1. This rule was issued calling upon the opposite party to show cause why the order of the learned Munsif, third Court at Patya, complained of in the petition, should not be set aside or why such other or further order should not be passed as to this Court may seem fit and proper. The matter relates to an application made Under Section 26-F, Ben. Ten. Act, for pre-emption of the lands of the schedule of the application. It appears that one Kamini Kumar Choudhury sold certain lands to the preseno petitioner by a Kobala dated 10th October 1932. The applicant, who is one to the landlords, applied within the period of two months after receiving the notice for pre-emption Under Section 26-F, Ben. Ten. Act.
2. There upon the purchaser Gobinda Chandra Choudhury mentioned in the notice appeared and stated that he had two co-sharers in the purchase. The applicants made the two other persons parties to the case. The first point taken in appeal is that, inasmuch as the landlord accepted the transfer-fee which was sent to him by post along with notice, he is precluded by that fact from his right of pre-emption. The learned advocate has urged that previous to the enactment of Section-26-E, Ben. Ten. Act, in 1928, the Customary law in the country was that when a raiyat transferred his land to a purchaser, the landlord either accepted a selami from him and recognized him as a tenant or refused a selami and sued to eject him from the land, that the enactment of Section 26-F has not altered the principle of the previous law, namely, that the landlord must, as soon as he gets the notice, make his election whether he would accept the transfer-fee or refuse the same and apply for pre-emption. The argument however is not borne out by the wording of Section 26-F. That section plainly enacts that the landlord may apply for pre-emption within the space of two months of the service of notice. It does not say that the acceptance of the transfer-fee will destroy his right of preemption. Not only does the section not say anything of that kind, but upon the reading of Clause (3) of that section it appears that the landlord may accept the transfer-fee and afterwards apply for pre-emption provided that he does so within the period of two months of the date of the notice, and if he does accept the transfer-fee he will, when his application is granted, return the transfer-fee together with interest at the rate of 1212 per cent per annum. There is no other penalty upon him for acceptance of the transfer fee.

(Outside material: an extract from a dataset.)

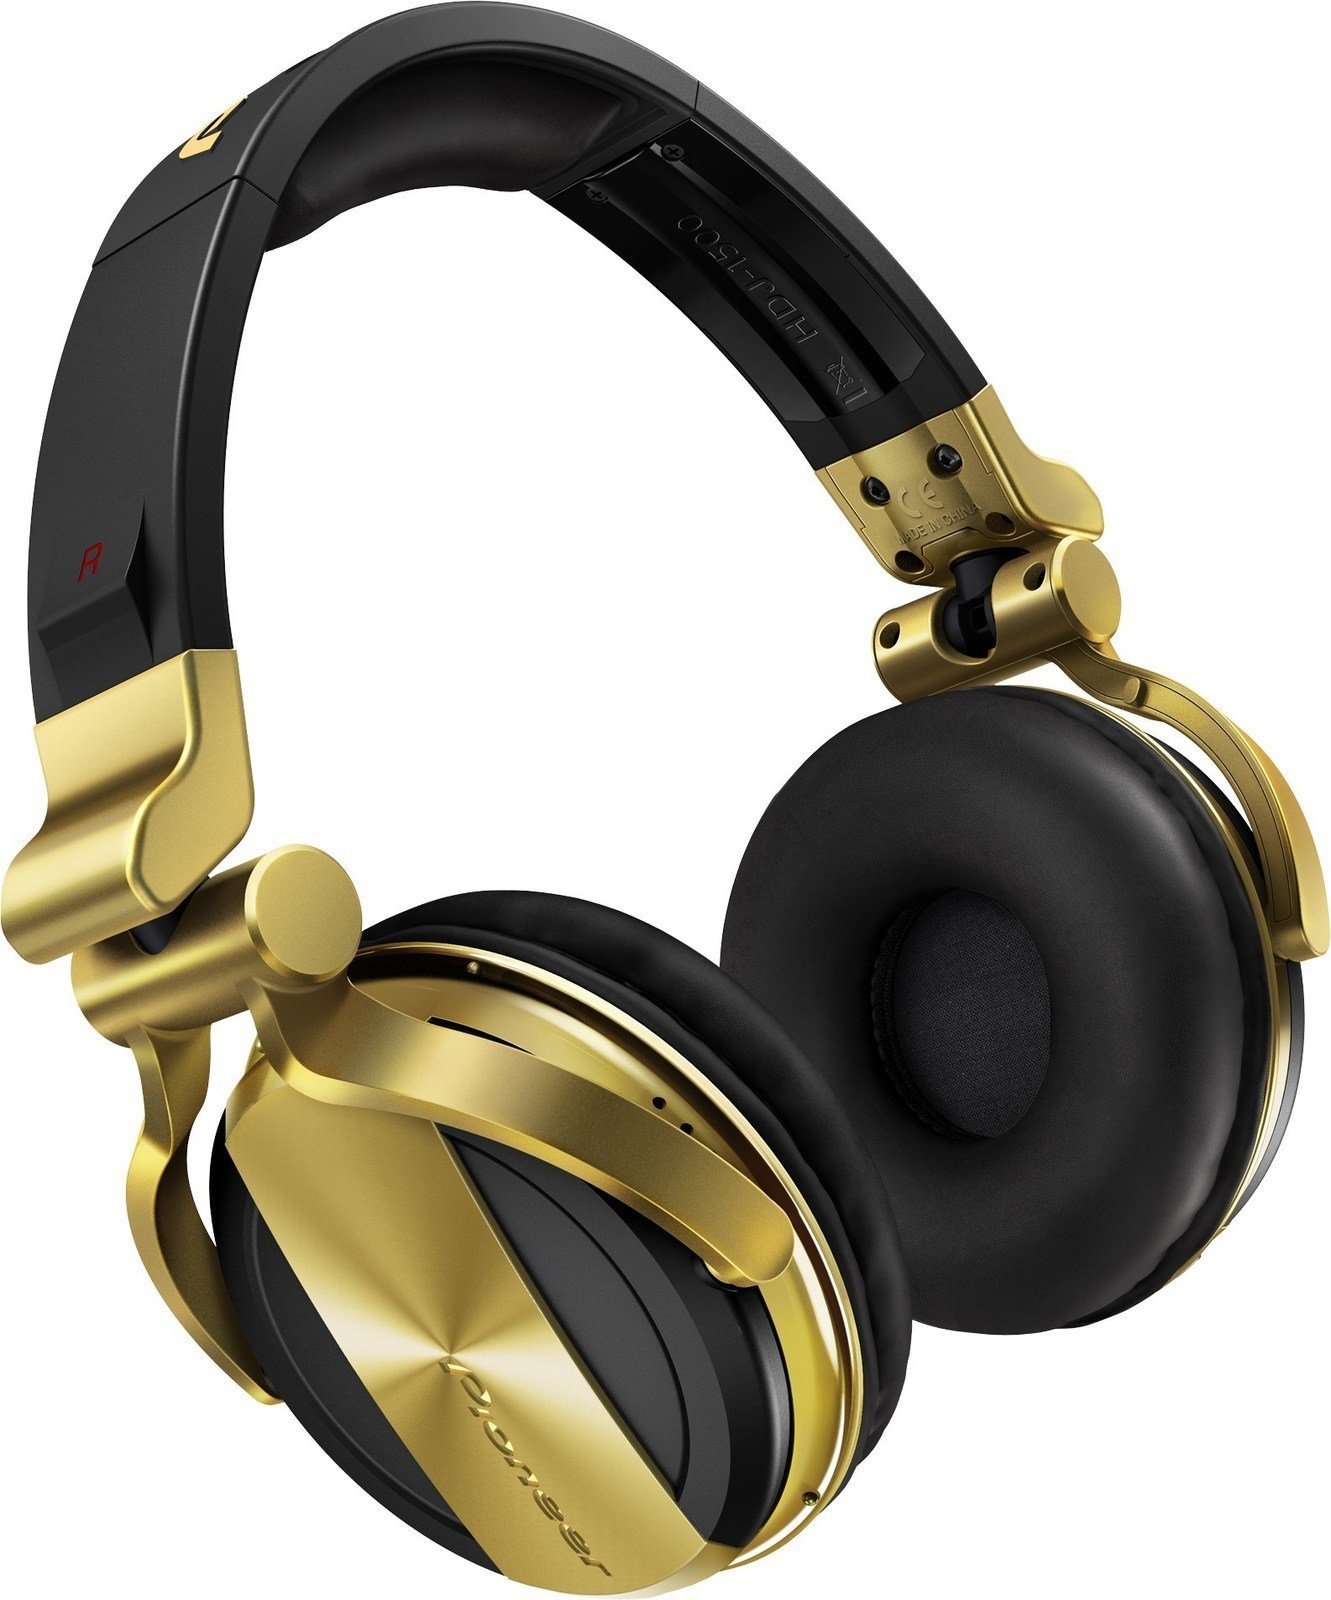 DJ sluchátka Pioneer Dj HDJ-1500-N Gold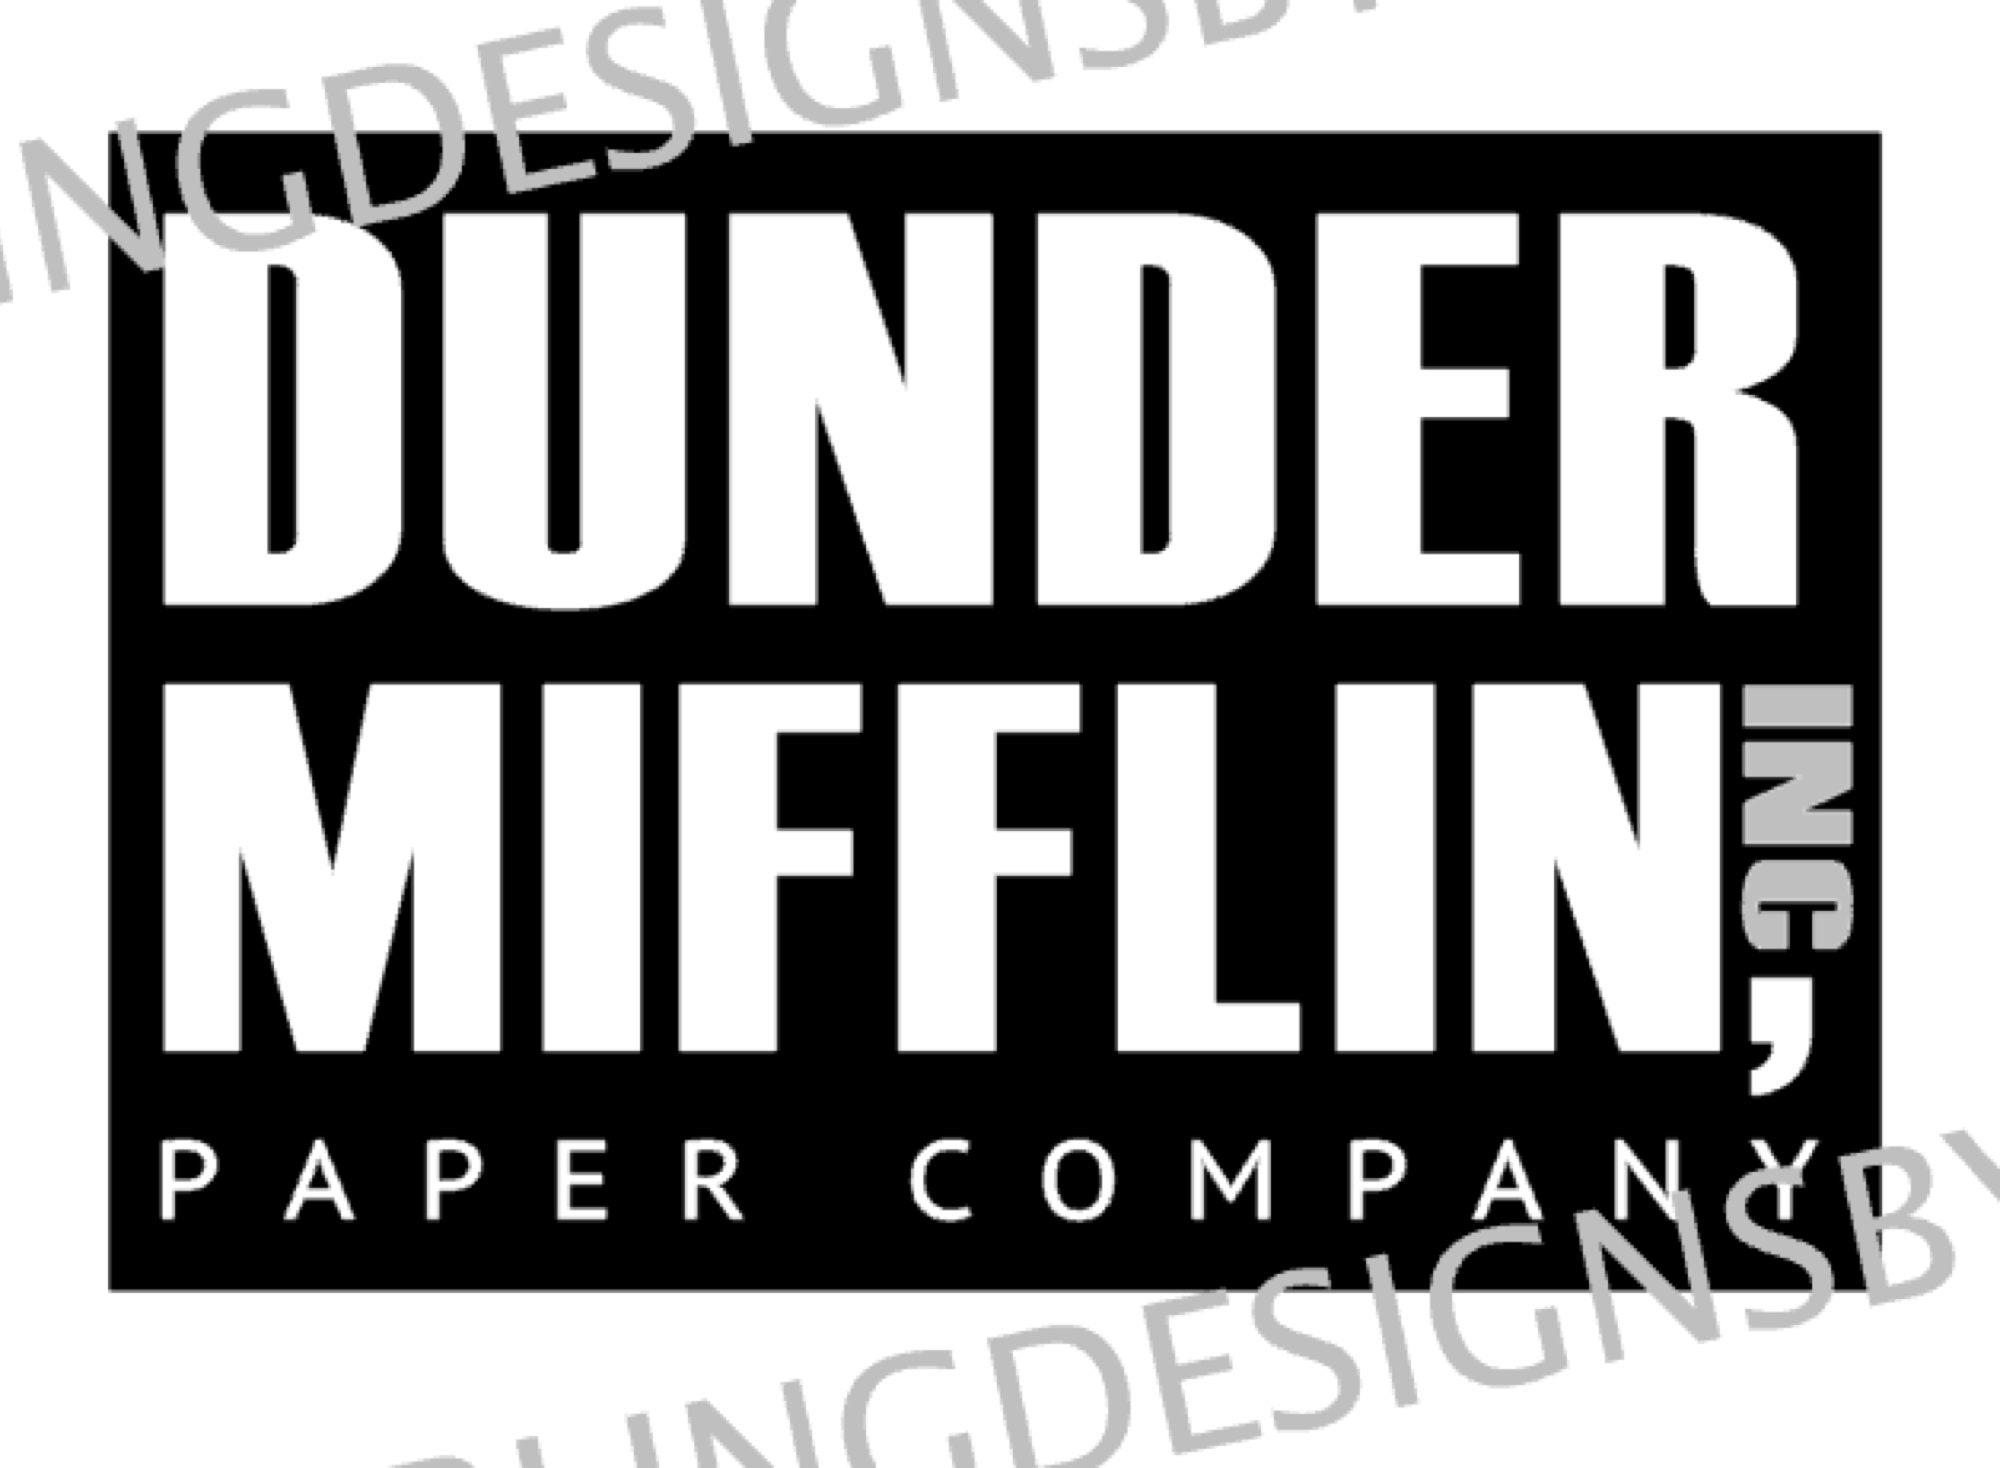 The Office - Dunder Mifflin Paper Company Logo - Black | Postcard

3. The next point taken is that two of the purchasers were made parties more than two months after the notice. But that is because the notice, which the purchasers were bound by law to supply to the landlord, was a defective notice. They chose to name one person as the purchaser and not three persons. Their own omission to name all the purchasers cannot be set up as a ground for defeating the landlord's claim. He made his application within two months of the receipt of the notice and impleaded the purchaser whose name was on the notice. The last ground taken is that the vendor Kamini Kumar Choudhury should have been made a party to this application. The reply is that the section does not contemplate that the vendor should be made a party. In the result this application is rejected with costs ; hearing fee assessed at one gold mohur.